Good to mention that the value above can also be extracted immediately from the Dilogarithm Reflection formula which is easy to derive. Of course, one can use directly the strategy used in proving Dilogarithm Reflection formula for getting the desired result.
Calculation of $\displaystyle \operatorname{Li}_3\left(\frac{1}{2}\right)$
If we derive and integrate back $\displaystyle \operatorname{Li}_3\left(\frac{x}{1+x}\right)$ from $x=0$ to $x=1$, and then integrate by parts, we have
$$\operatorname{Li}_3\left(\frac{1}{2}\right)=\int_0^1 \frac{\displaystyle \operatorname{Li}_2\left(\frac{x}{1+x}\right)}{x(1+x)}\textrm{d}x=-\log(2)\operatorname{Li}_2\left(\frac{1}{2}\right)-\int_0^1 \frac{\displaystyle \log(1+x)\log\left(\frac{x}{1+x}\right)}{x(1+x)}\textrm{d}x$$
$$=-\log(2)\operatorname{Li}_2\left(\frac{1}{2}\right)-\frac{1}{3}\log^3(2)-\underbrace{\int_0^1\frac{\log(x)\log(1+x)}{x}\textrm{d}x}_{\displaystyle -3/4\zeta(3)}+\frac{1}{2}\underbrace{\int_0^1\frac{\log^2(1+x)}{x}\textrm{d}x}_{\displaystyle 1/4\zeta(3)}$$
$$=\frac{7 }{8}\zeta (3)-\frac{1}{2}\log (2)\zeta(2)+\frac{1}{6}\log ^3(2),$$
where the first of the remaining integrals can be approached with polylogarithms or geometric series, and the second one can be approached easily with algebraic identities.
A first note: A nice approach (and possibly unexpected) involving a form of Beta function to the integral $\displaystyle \int_0^1\frac{\log^2(1+x)}{x}\textrm{d}x$ may be found in the book, (Almost) Impossible Integrals, Sums, and Series, pages $72$-$73$.
A second note: From the solution in the book (see previous note), we immediately have that
$$\int_0^1\frac{\log^2(1+x)}{x}\textrm{d}x-\int_0^1\frac{\log(x)\log(1+x)}{x}\textrm{d}x=\int_0^1 \frac{\log(x)\log(1-x)}{x}\textrm{d}x,$$
which can be perfectly used in the solution above to avoid the algebraic identities (if we want to).

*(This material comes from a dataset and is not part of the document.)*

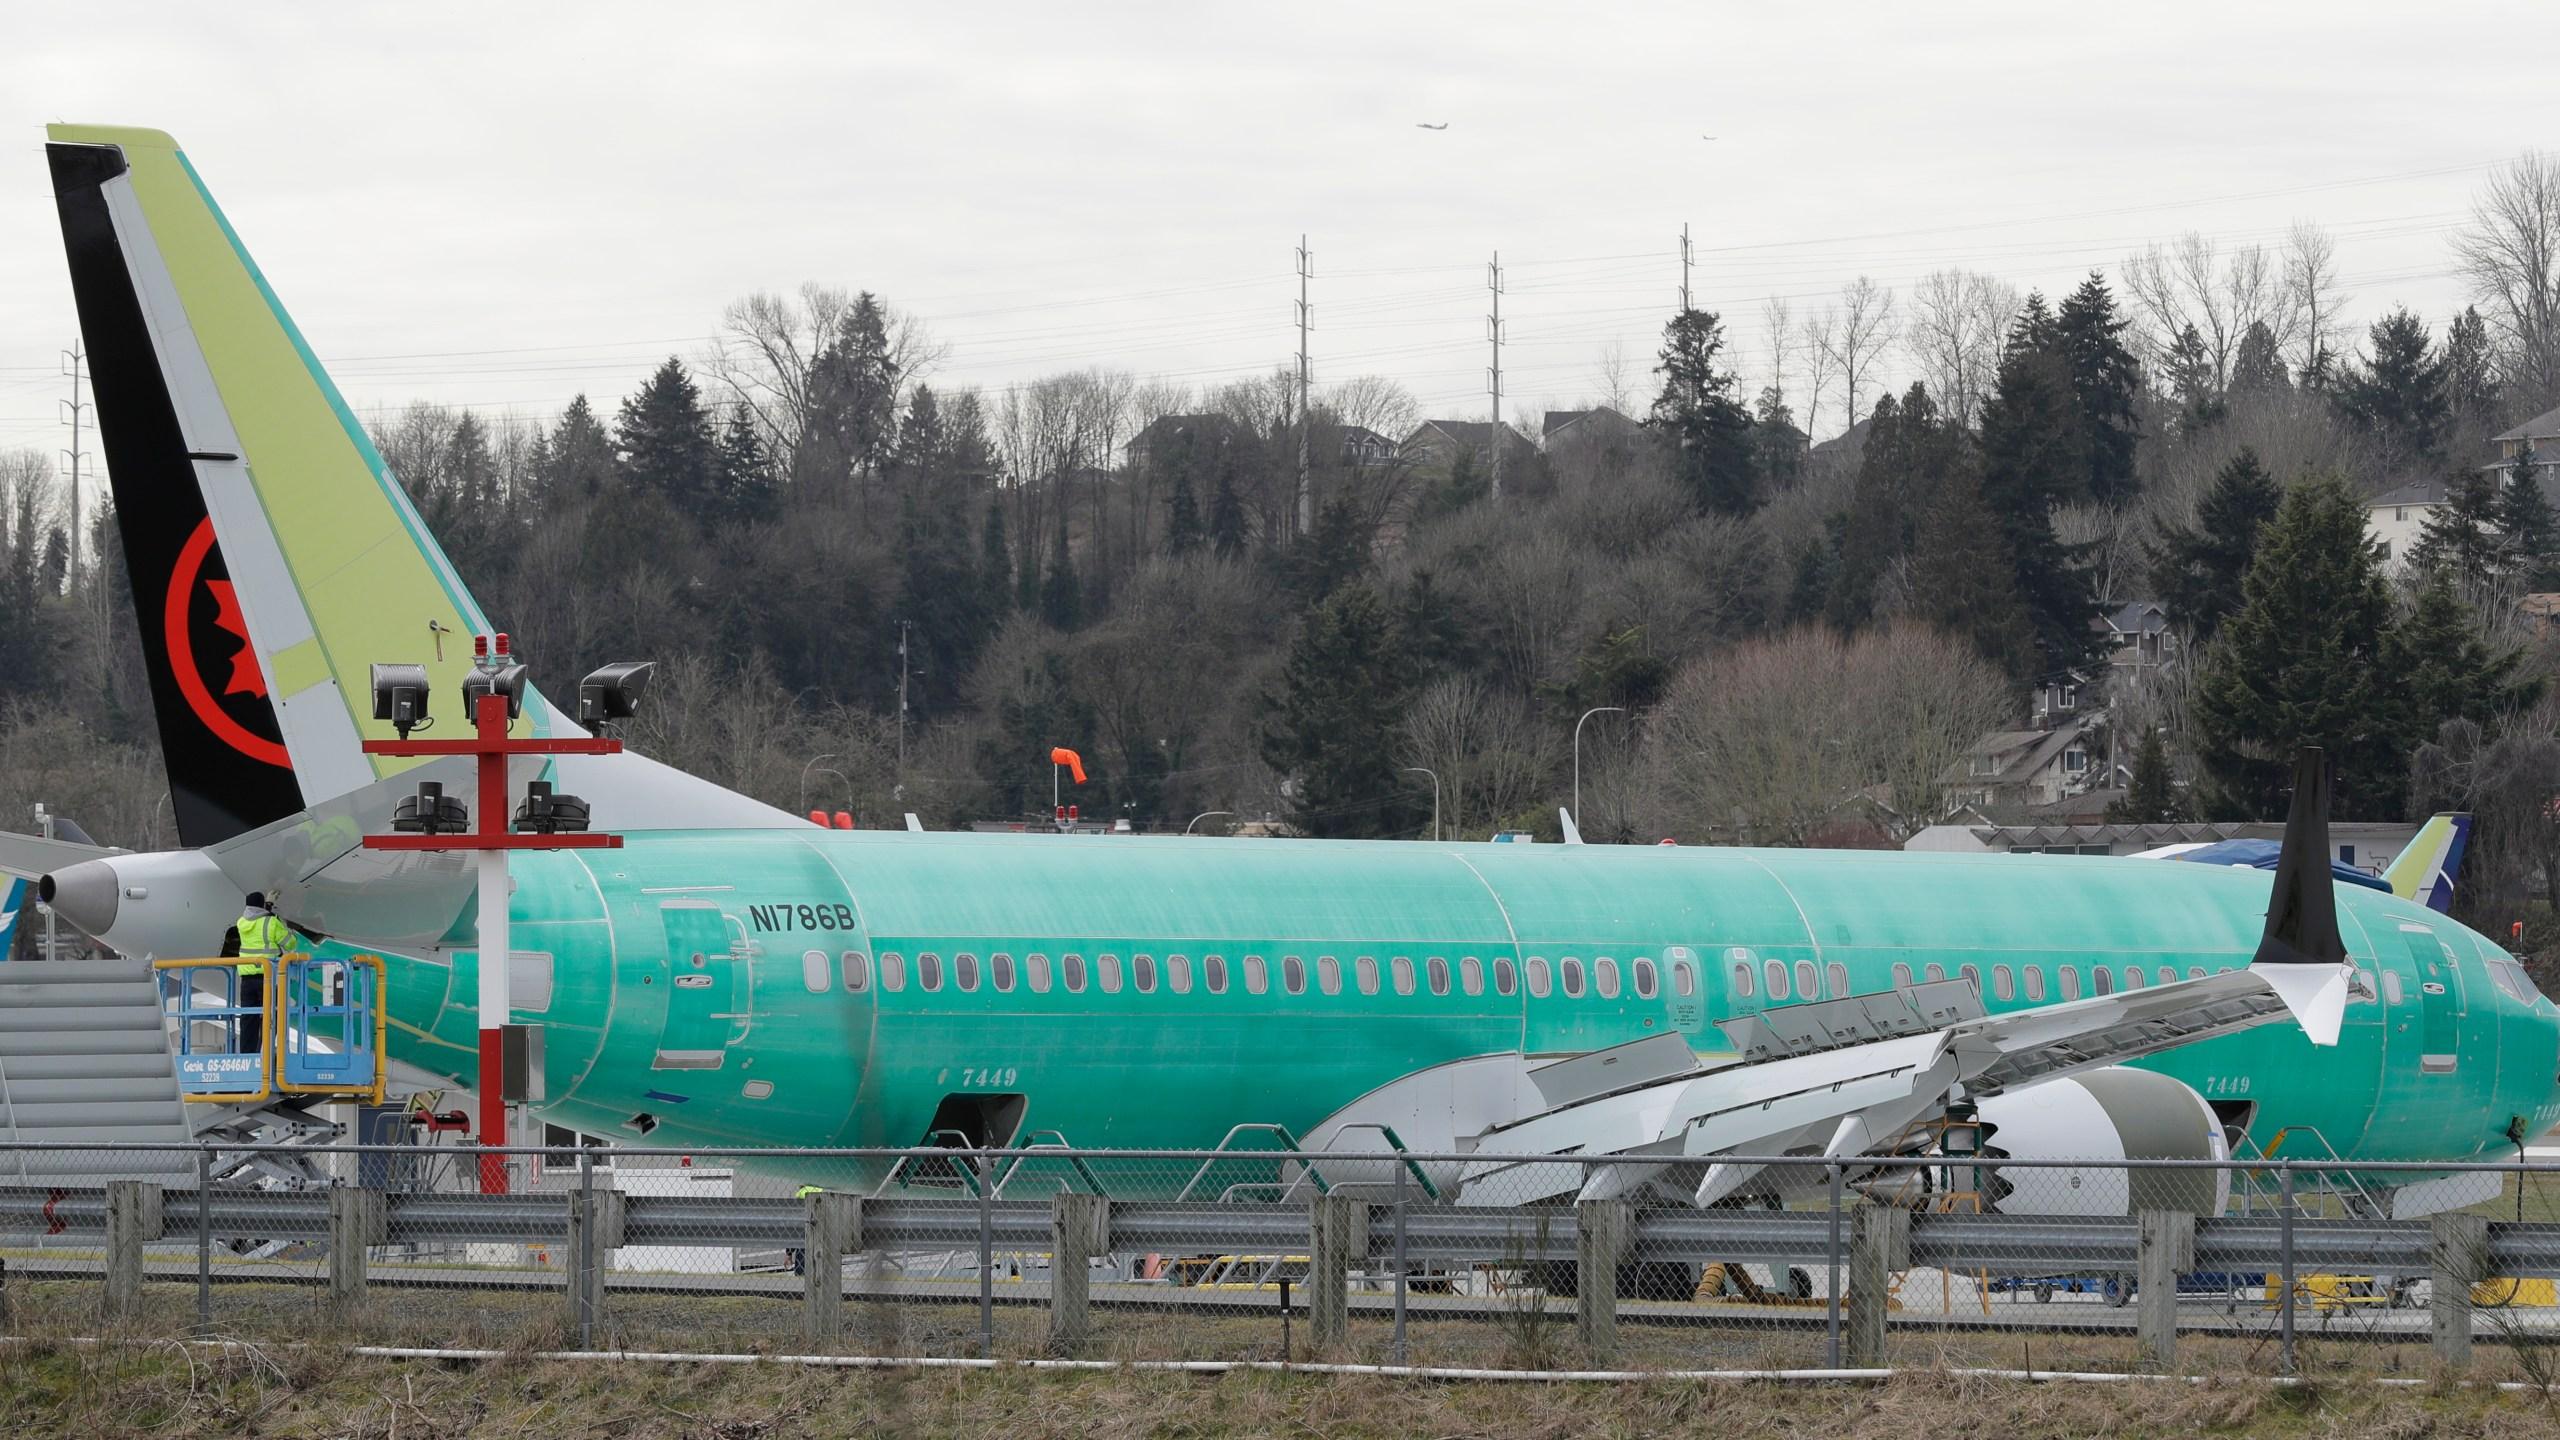 Ethiopia_Plane_Crash_Boeing_87029-159532.jpg68577988

A third note: Let's recall a well-known result in the work with polylogarithms,
$$\int_0^x \frac{\log^2(1+t)}{t} \textrm{d}t$$
$$=\log(x)\log^2(1+x)-\frac{2}{3}\log^3(1+x)-2\log(1+x) \operatorname{Li}_2\left(\frac{1}{1+x}\right)-2 \operatorname{Li}_3\left(\frac{1}{1+x}\right),$$
found in the famous book Polylogarithms and Associated Functions by Leonard Lewin.

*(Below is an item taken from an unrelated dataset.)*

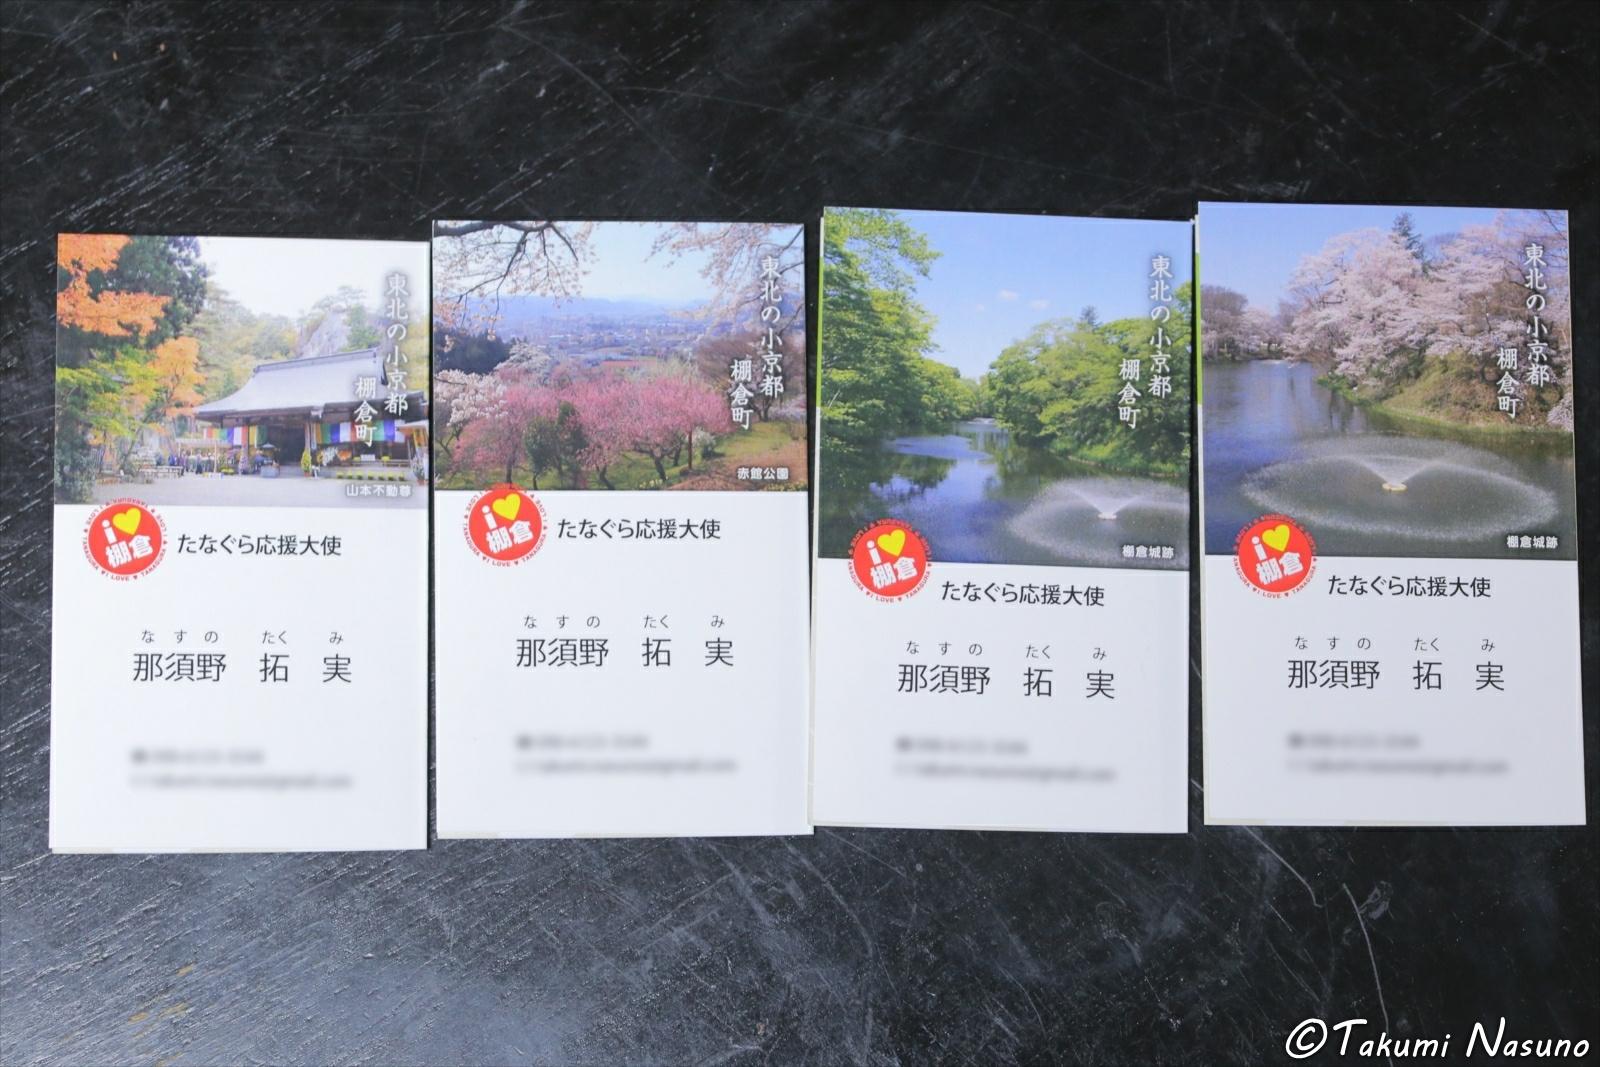 Four Business Cards of Tanagura Supporter's Ambassador

The nice thing about this method (involving the present generalization) is that in the right-hand side we get the desired trilogarithmic value with the opposite sign which assures the extraction, avoiding again the use of algebraic identities. The result is also met in the book, (Almost) Impossible Integrals, Sums, and Series, Section 1.4, page $3$.
A fourth note: perhaps no need to mention the third identity in $(1)$ here http://mathworld.wolfram.com/Trilogarithm.html
A fifth note: A fancy way of extracting the value $\displaystyle \operatorname{Li}_3\left(\frac{1}{2}\right)$ is based upon the identity
$$\small\int_0^1 \frac{\log (x) \log (1-x)}{1-a x} \textrm{d}x=\frac{\pi^2}{6}\frac{ \log (1-a)}{a}+\frac{1}{6}\frac{\log ^3(1-a)}{a}+\frac{1}{a}\operatorname{Li}_3(a)-\frac{1}{a}\operatorname{Li}_3\left(\frac{a}{a-1}\right), \ a<1,$$
used in this solution https://math.stackexchange.com/q/3503196. Setting $a=-1$ everything becomes clear in the right-hand side, and in the left-hand side the integral we have to deal with is already calculated elegantly in the paper A note presenting the generalization of aspecial logarithmic integral, that is
$$\int_0^1 \frac{\log(x)\log(1-x)}{1+x}\textrm{d}x=\frac{13}{8}\zeta(3)-\frac{3}{2}\log(2)\zeta(2).$$
From another point of view, if we assume knowledge of the value of $\displaystyle \operatorname{Li}_3\left(\frac{1}{2}\right)$, we get another way of calculating the previously mentioned integral.